ROANOKE TIMES 
                      Copyright (c) 1997, Roanoke Times

DATE: Monday, April 7, 1997                  TAG: 9704070131
SECTION: EXTRA                    PAGE: 1    EDITION: METRO 
COLUMN: BEN BEAGLE
SOURCE: BEN BEAGLE


I'M SWEATING OUT ANOTHER TIME CHANGE

Pretty soon now t

The world as we have known it for months has been ruined and set asunder - as we said right often in Radford - by daylight-saving time.

Every year I rage against the unnatural, suffocating effects of fiddling around with time as God saw it - which, of course, started when he let people learn how to play golf.

And every year it comes anyway, and newspapers run little boxes that tell you how to set your clocks before you go to bed on the last night of standard time.

What you do is remember that God's time starts in the fall, thus you "fall back" for standard time and "spring forward" into daylight time.

Clever, that.

Full-lipped female anchorpersons with flawless teeth tell you essentially the same thing on television.

And nobody remembers to set their clocks the night before, and on the Monday after the time change, employees get notes in their personnel files for being late or early for work.

Bosses never seem to see the notes on people who are early for work.

It is tyranny|

Why, you might ask, is an old has-been such as yours truly here, who doesn't have to go to work on Mondays, so upset by daylight-saving time?

For one thing, I think it shows an alarming trend in government to regulate, regiment and govern the indomitable spirit of the American people.

I further believe that standard time was passed on to us by a kind deity so that men and women would have the best chance in an ever-changing world and as aid in their ever-present struggle with the forces that would deny them their ultimate, deserved destinies.

I think it is a form of tyranny that will erode the ideals upon which this country was built and should be condemned by every thinking American.

All of the above aside, I also know that daylight-saving time means that it's still light out at my usual bedtime.

Unless you're working the graveyard shift - which I hope I never have to do again - it makes you feel guilty to be in bed while the sun is still up.

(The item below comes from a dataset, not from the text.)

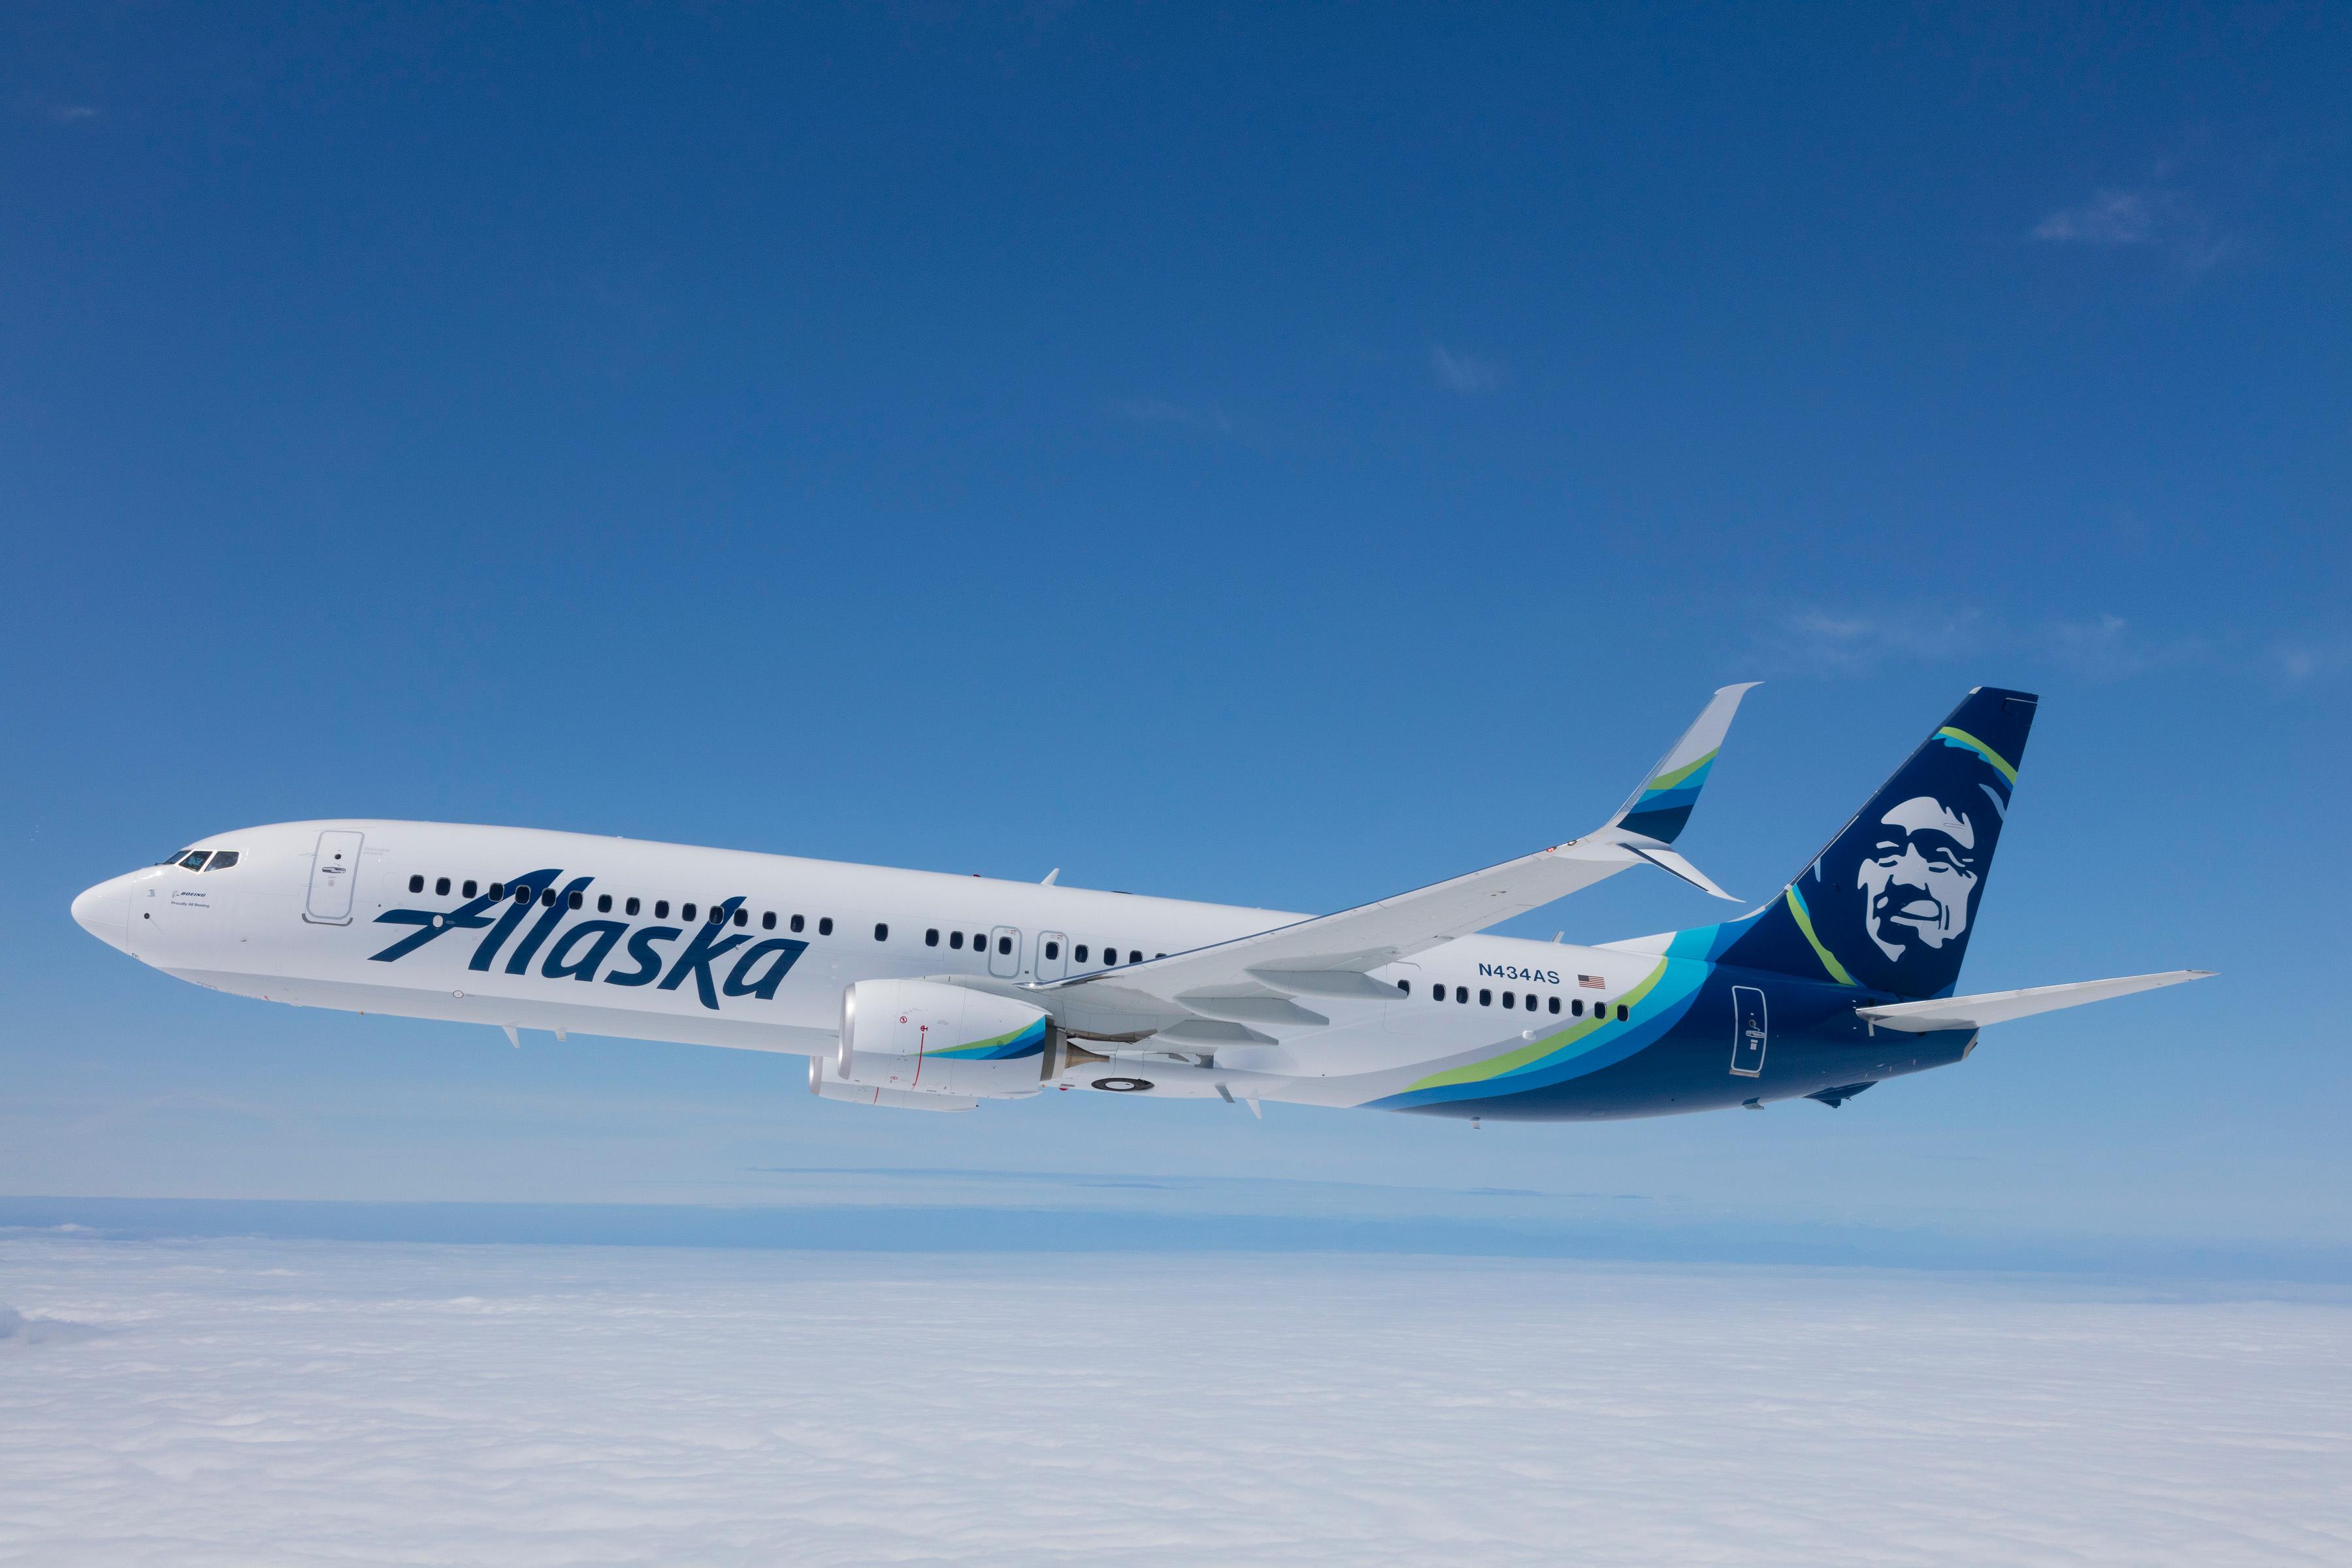 An Alaska Air Group plane in flight.

You watch. Scientists will discover that shift workers who don't drink a lot of grape juice are disoriented to the extent they don't know where the hell they are.

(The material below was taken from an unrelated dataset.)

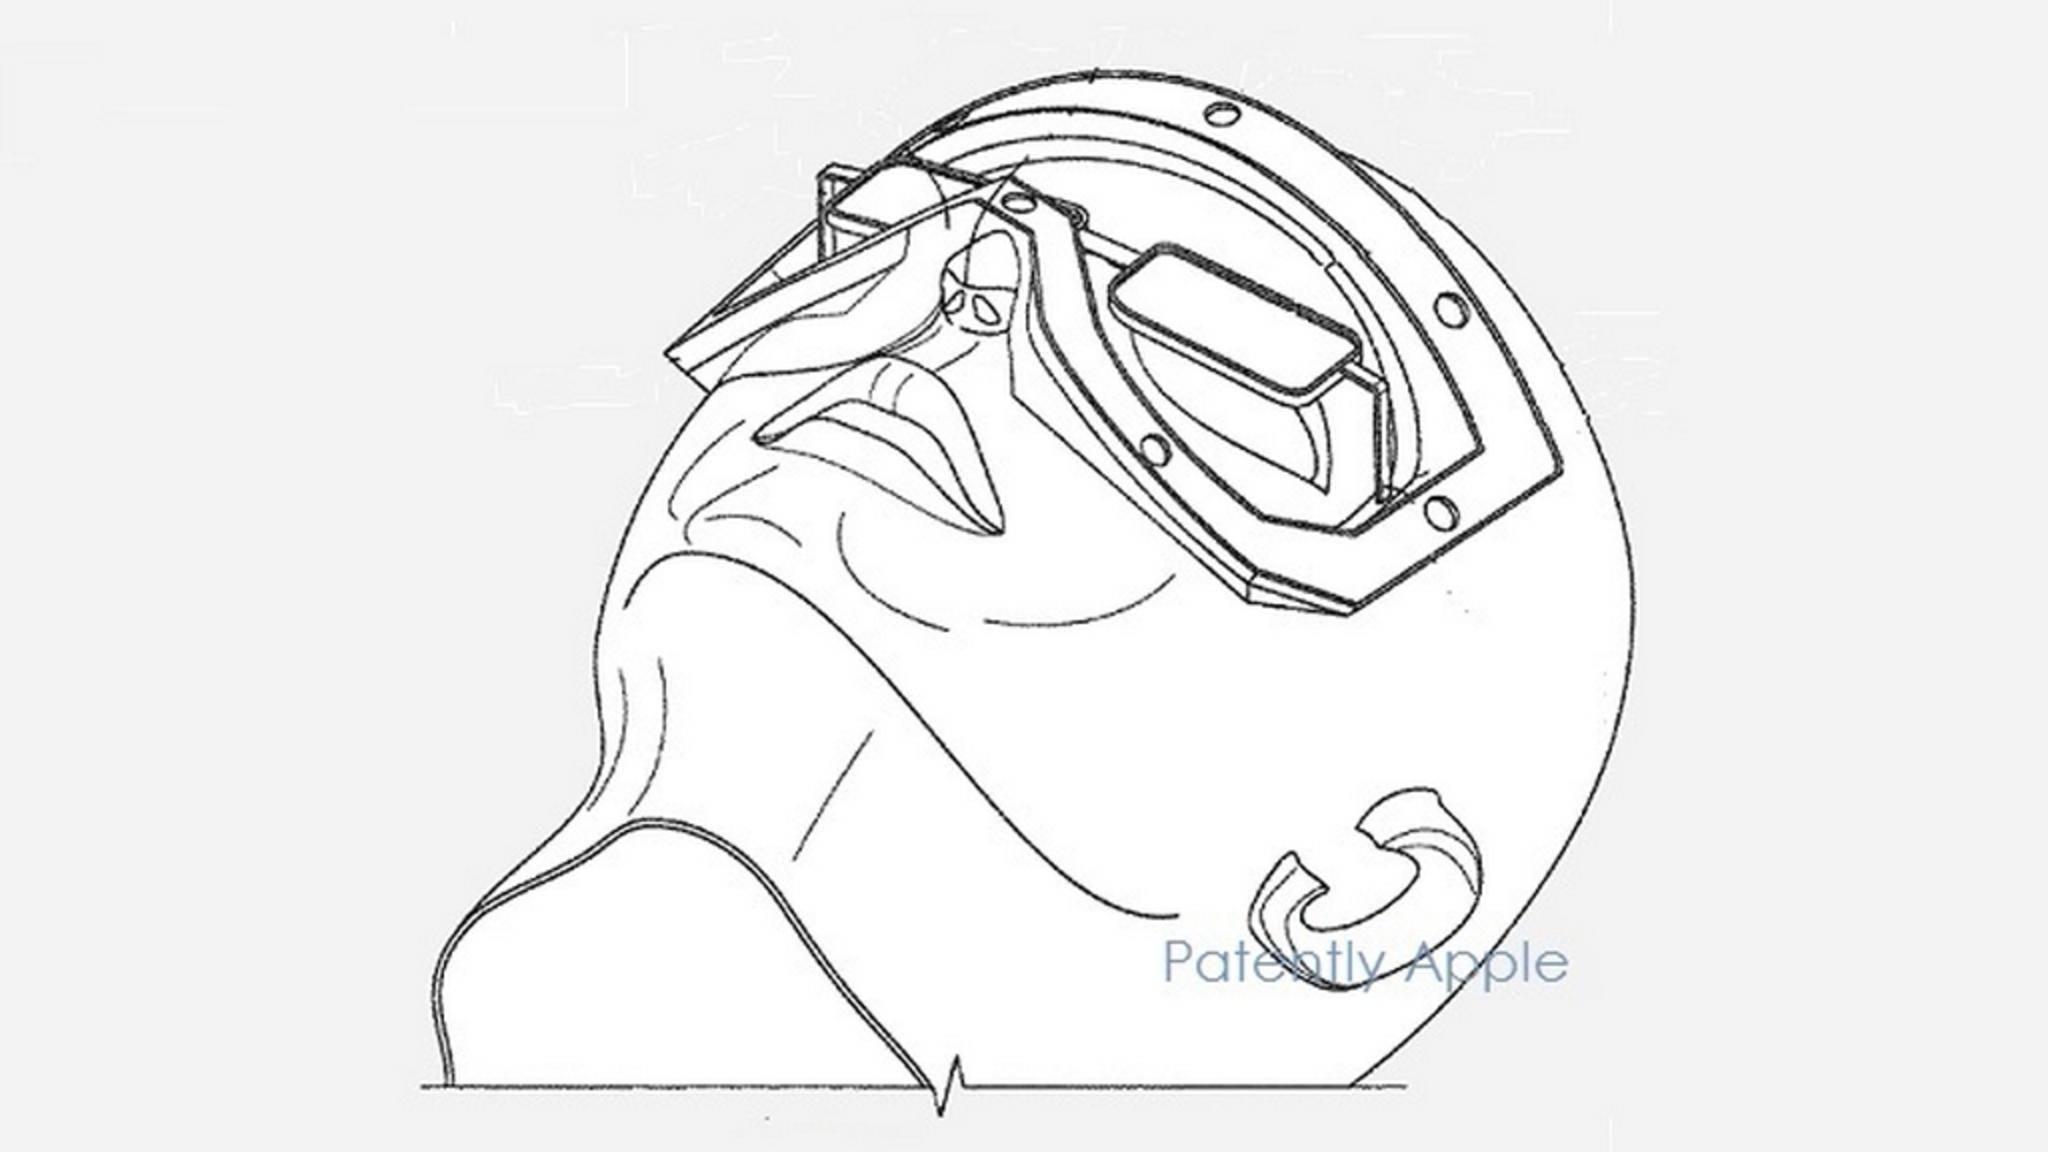 Das Patent zeigt, wie sich Apple eine VR-Brille vorstellt.

(When I worked the graveyard shift, I didn't know where I was either. Or 3-to-11, a good shift for keeping out of trouble.)

Or a deodorant conspiracy|

Daylight-saving time gives me extra time to sweat, which is something I don't really need, although it is one of the few things I do well.

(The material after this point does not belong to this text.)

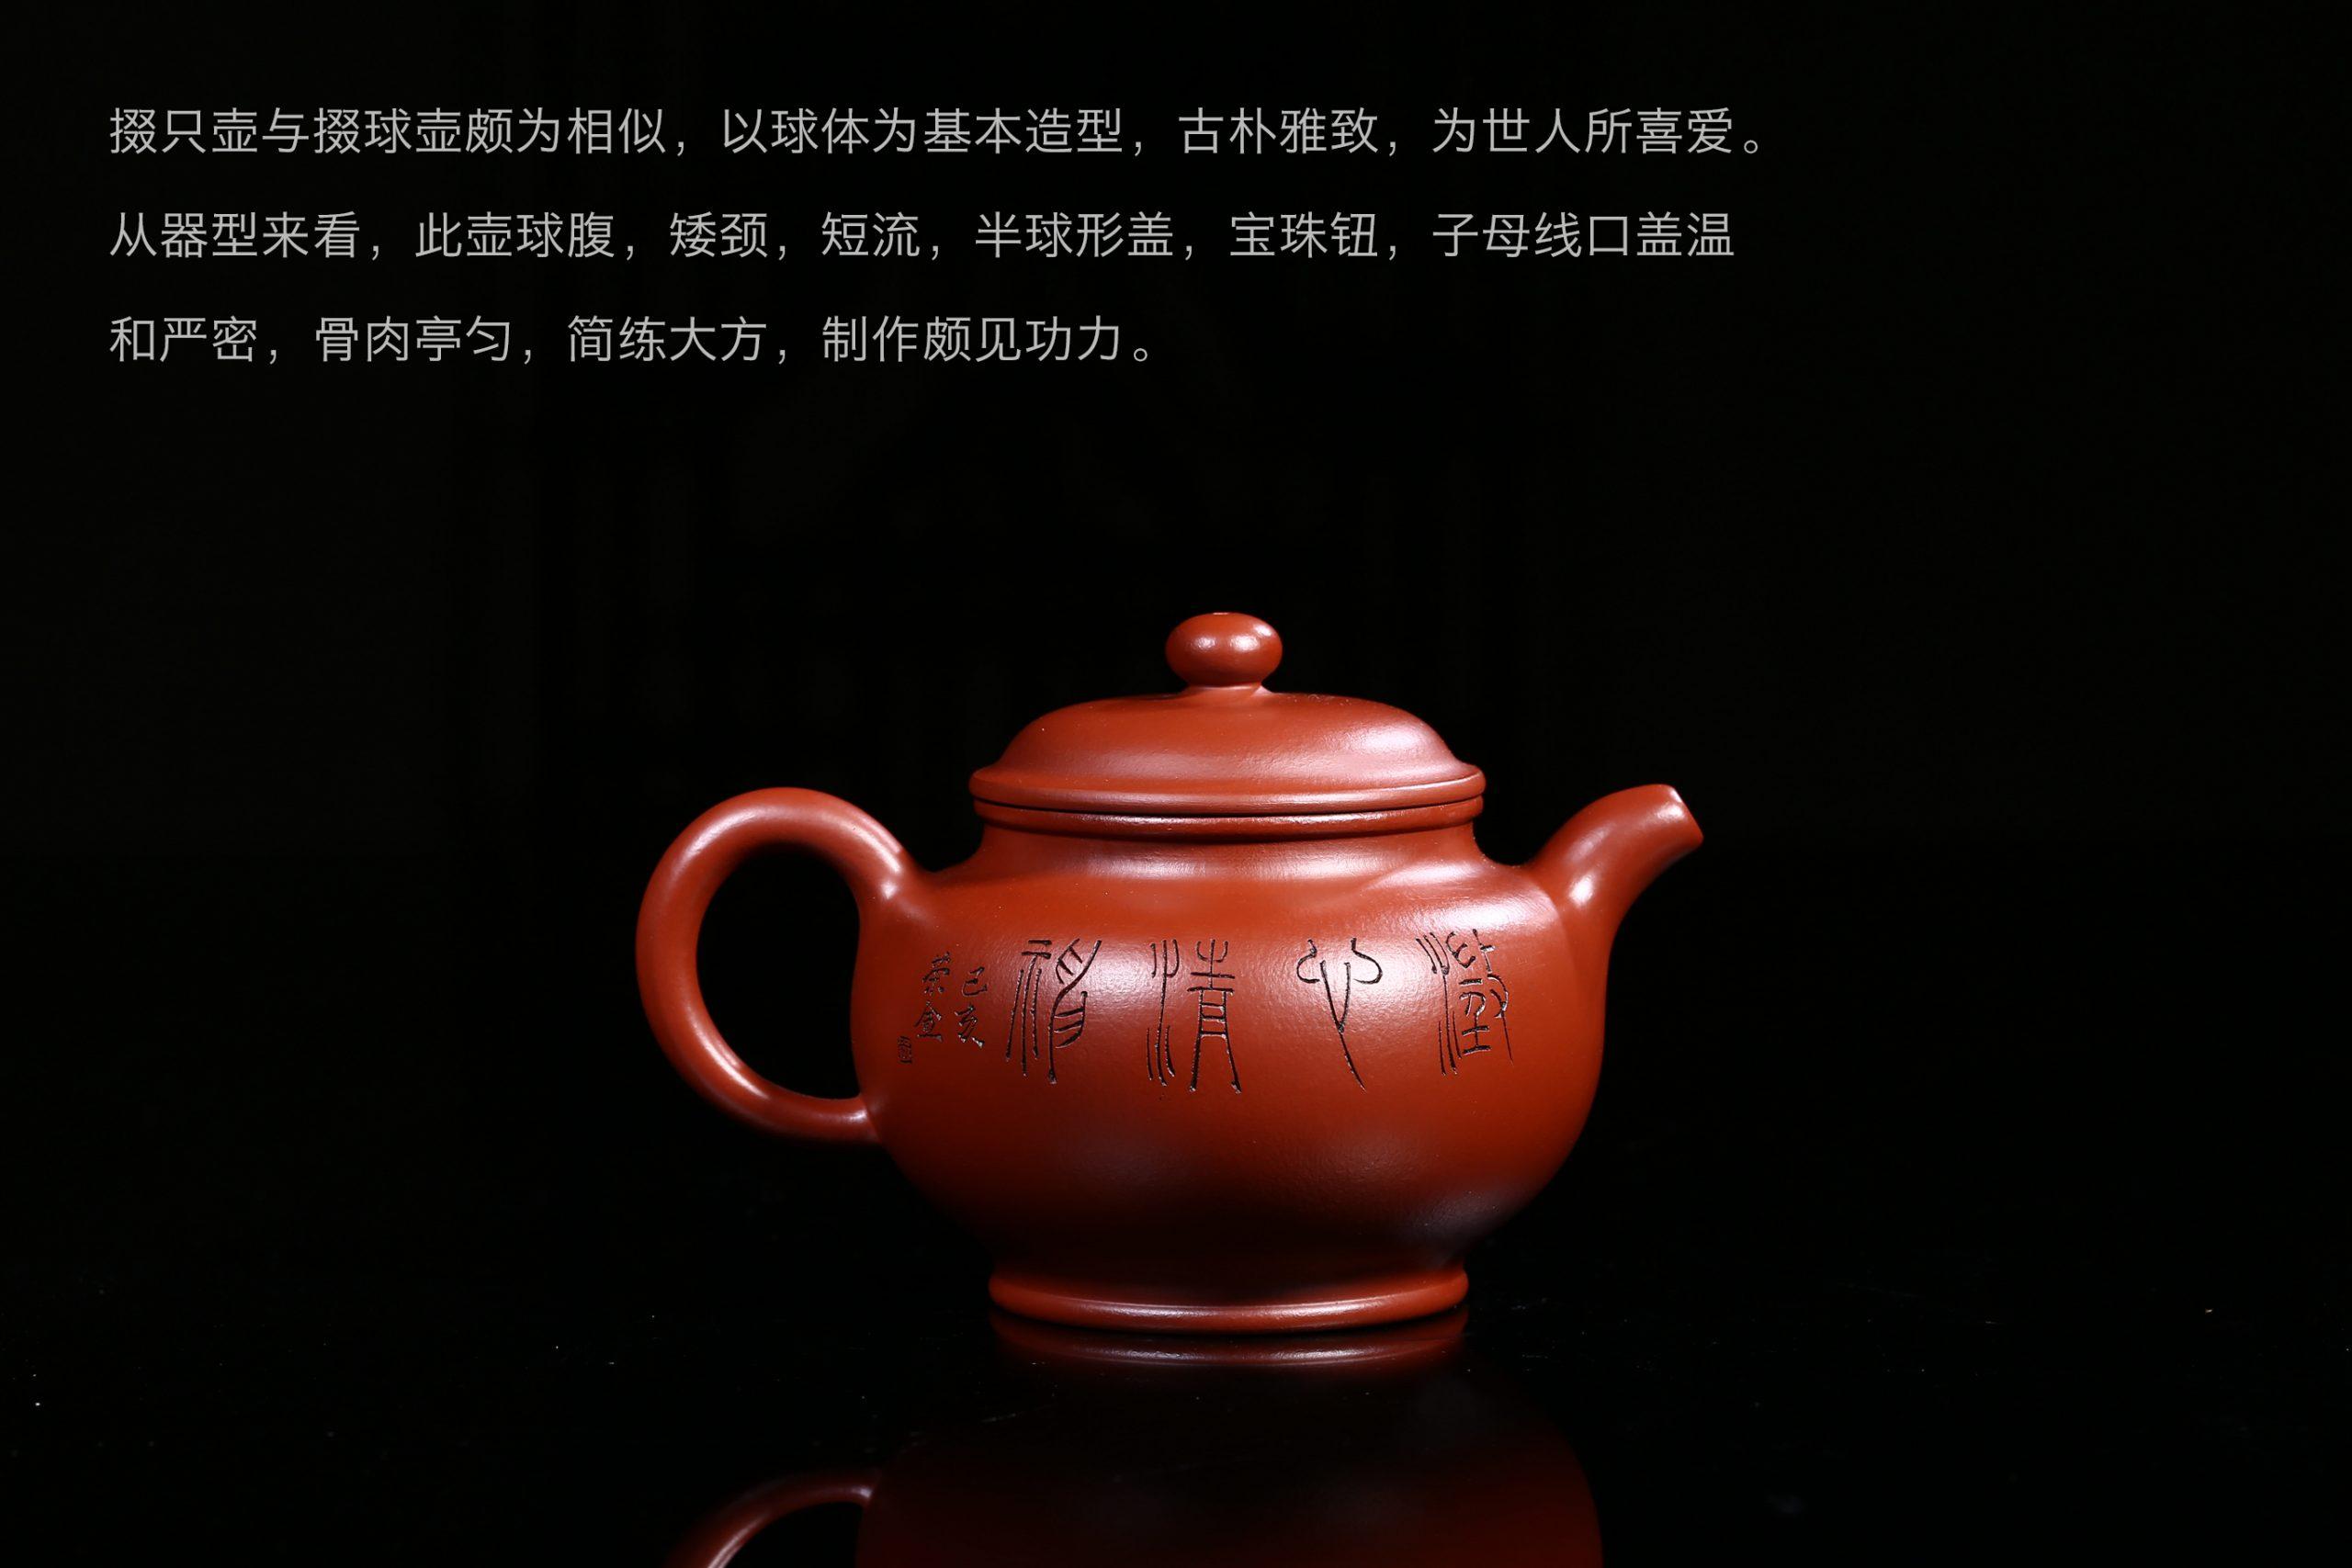 紫砂艺人制壶工艺远比职称重要

It wouldn't surprise me to find that the deodorant industry has given millions of dollars to politicians to make sure daylight-saving time comes every year.

I wouldn't even guess how many deodorant CEOs have slept in the Lincoln bedroom during the Clinton presidency.

I expect Newt Gingrich owns stock in La Paloma Roll On - which you or your wife, the UPS man, Mr. Goodwrench, Bart Simpson, your sister or your cat could use.

No matter what your Ph is.

In addition, there are some interpreters of the times in which we live who say that daylight-saving time fouls up the real time for the cocktail hour.

As if I cared about stuff like that.